If you’ve ever used Zoom or other recording tools that have native transcription, you will know the pain of getting a file that looks like this:
Very cool that they do the transcription for you, but there are some things missing. The primary issue is that it’s difficult to read.
Transcribr – A Simple Ruby VTT File Cleaner
Necessity is the mother of invention. I created a super simple (and hack coded) tool using Ruby that will help me solve my problem. This nifty little tool is what I call Transcribr.
All you need to do for this to work for you is to name your input transcription file as source.vtt and run the process using the instructions at the GitHub site for Transcribr.

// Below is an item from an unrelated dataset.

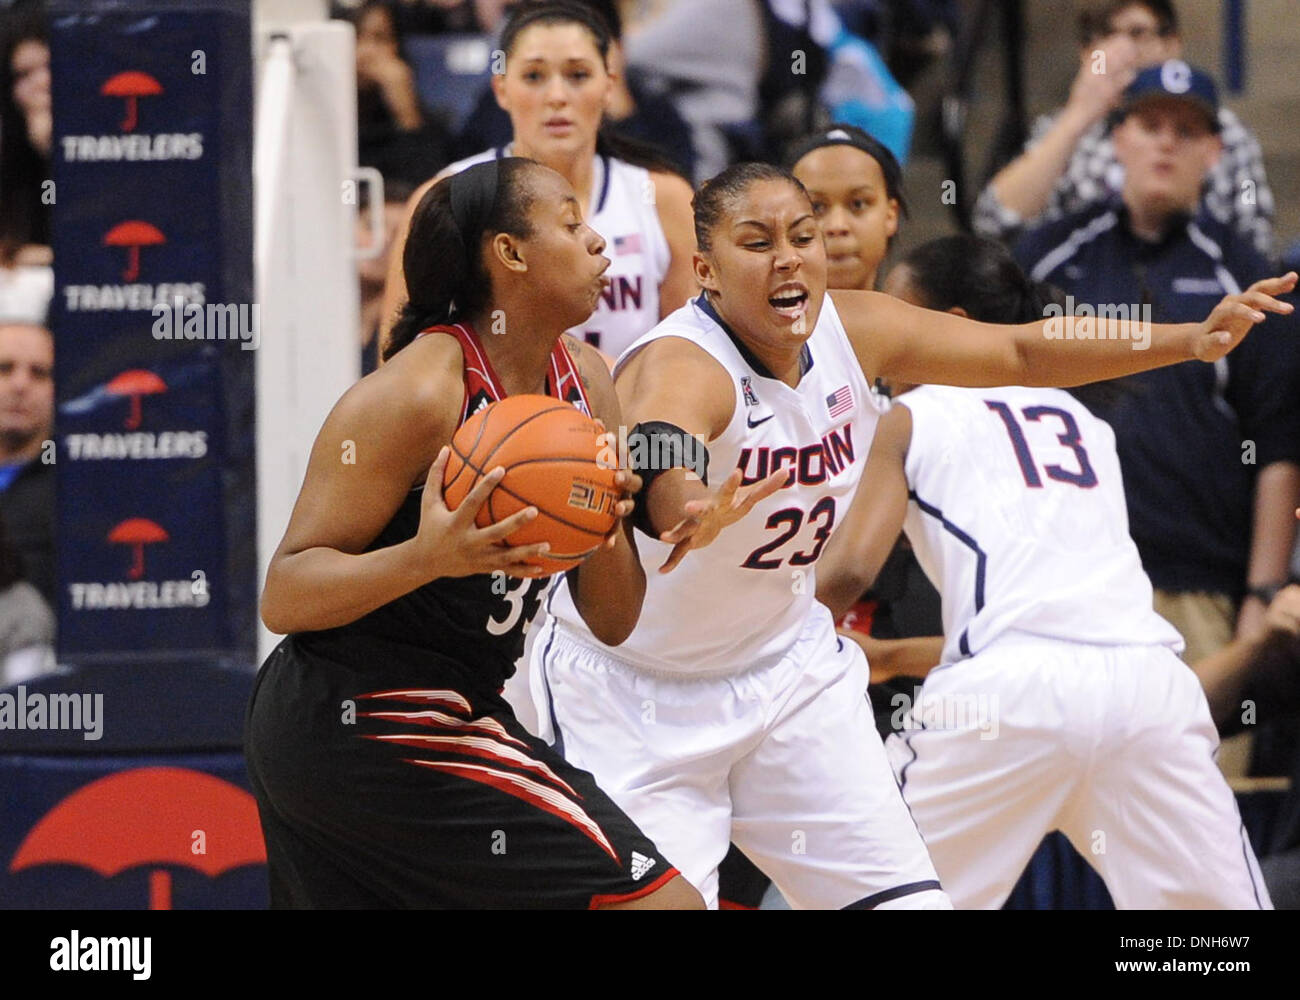 Storrs, CT, USA. 29th Dec, 2013. Sunday December 29, 2013: Cincinnati Bearcats forward Jeanise Randolph (33) gets to a loose ball in front of UConn huskies guard-forward Kaleena Mosqueda Lewis (23) during the 2nd half of the womens NCAA basketball game between Cincinnati and Connecticut at Gampel Pavilion in Storrs, CT. UConn beat Cincinnati easily 67-34.Bill Shettle / Cal Sport Media. © csm/Alamy Live News Stock Photo

The process will do a few neat things for you including:
- Remove empty lines
- Remove timestamps
- Remove other HTML-ish stuff
- Remove line numbers
Just clone the GitHub repo and run the tool against your source file. The tools is built to output to screen for viewing and also creates a file called output.txt for you to be able to use. Every time you run the tool it will recreate the output file for you as well.
Now that you’ve run Transcribr against the source file you get a more reader-friendly version that looks like this:
I hope that this is helpful for some folks out there. If you’re a legit developer and want to help clean up the hack coding that I did, please submit a PR and I’ll happily update to make it work better. Happy transcribing!